The Human Brain Can Get Confused About What's Real and Imagined, Says New Study

A new study into a phenomenon known as the ventriloquist illusion has shown that simply imagining an object while you hear a sound can change how you later perceive that sound.

The brain must constantly process the sensory information it is bombarded with in order to present us with a picture of reality. But this doesn't always quite go to plan.

Instead, the brain sometimes creates something that psychologists call the ventriloquist illusion. As the name suggests, this is the effect harnessed by a ventriloquist and their dummy. It occurs when we see an object and hear a sound from a different source but the brain wrongly understands it as coming from the visual stimulus.

And if we experience this pairing repeatedly the illusion will persist as an aftereffect, even when the visual stimulus is gone and we only hear the sound.

"The sensory information we imagine is often treated by the brain in the same way as information streaming into us from the outside world," explained researcher Christopher C. Berger of the California Institute of Technology in a statement.

"Our work shows that what we imagine in our 'mind's eye' can lead to changes in perception across our sensory systems, changing how we perceive real information from the world around us in the future."

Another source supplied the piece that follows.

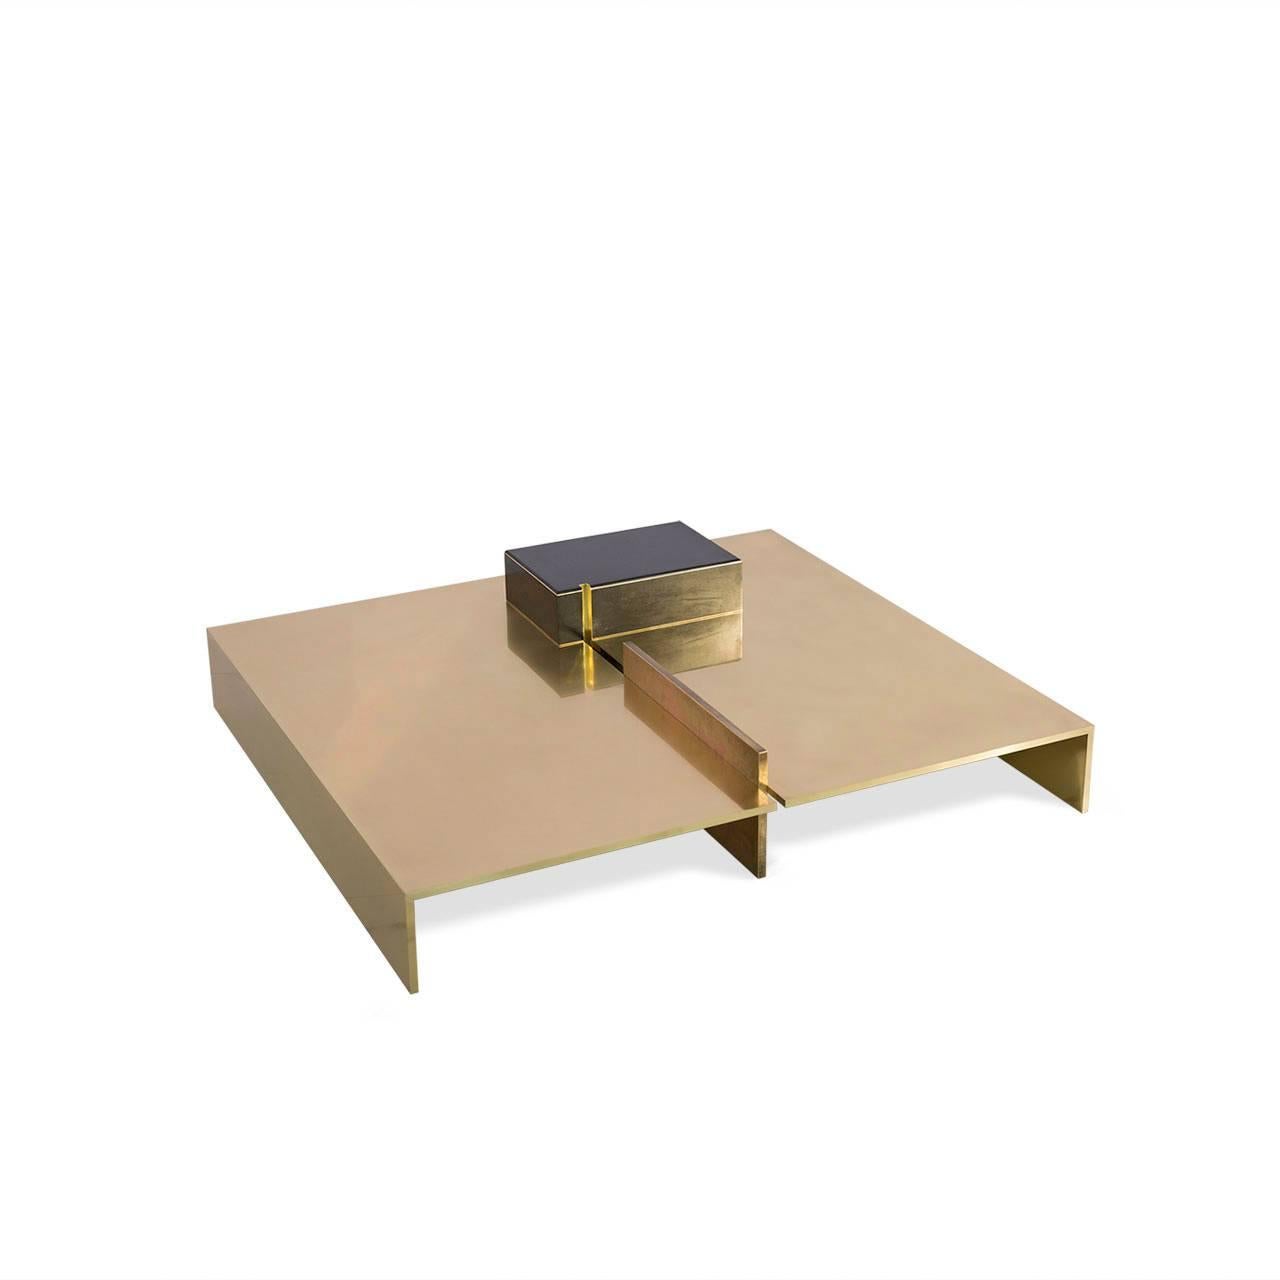 MMXVI series low sitting patinated brass center table. A slight Japanese aesthetic influence is present. The square design motif that rises above the base line of the piece has a resin coated wood inlay with embedded brass trim. Hand finished.

Researchers at the Karolinska Institutet in Sweden and California Institute of Technology used brain imaging to investigate the ventriloquist illusion and whether it would work with imagined visual stimuli. The team published their findings in Psychological Science, a journal of the Association for Psychological Science.

First, study participants were played white noise from one of three locations behind a screen, and were instructed to imagine a circle on a specific location on the screen. They were then played bursts of white noise and asked to determine whether it was coming from the right- or left-hand side of the screen.

The scientists found that the participants based their answer on what they had experienced during the first part of the test. This proved their hypothesis that our imagination is all that is needed to create a ventriloquist illusion after-effect.

But the research also showed that the effect only worked when the sound was the same. It didn't work when the white noise was replaced with a tone, for instance.

"We were surprised to find that the effects on participants' perception of acoustic space were almost as strong for imagined stimuli as they were for real visual stimuli," said Berger. "That is, what we imagine seeing can affect our future perception of sound as much as what we actually see."

The study authors believe their results have a wide range of uses, from helping rehabilitate stroke patients to creating neural prostheses.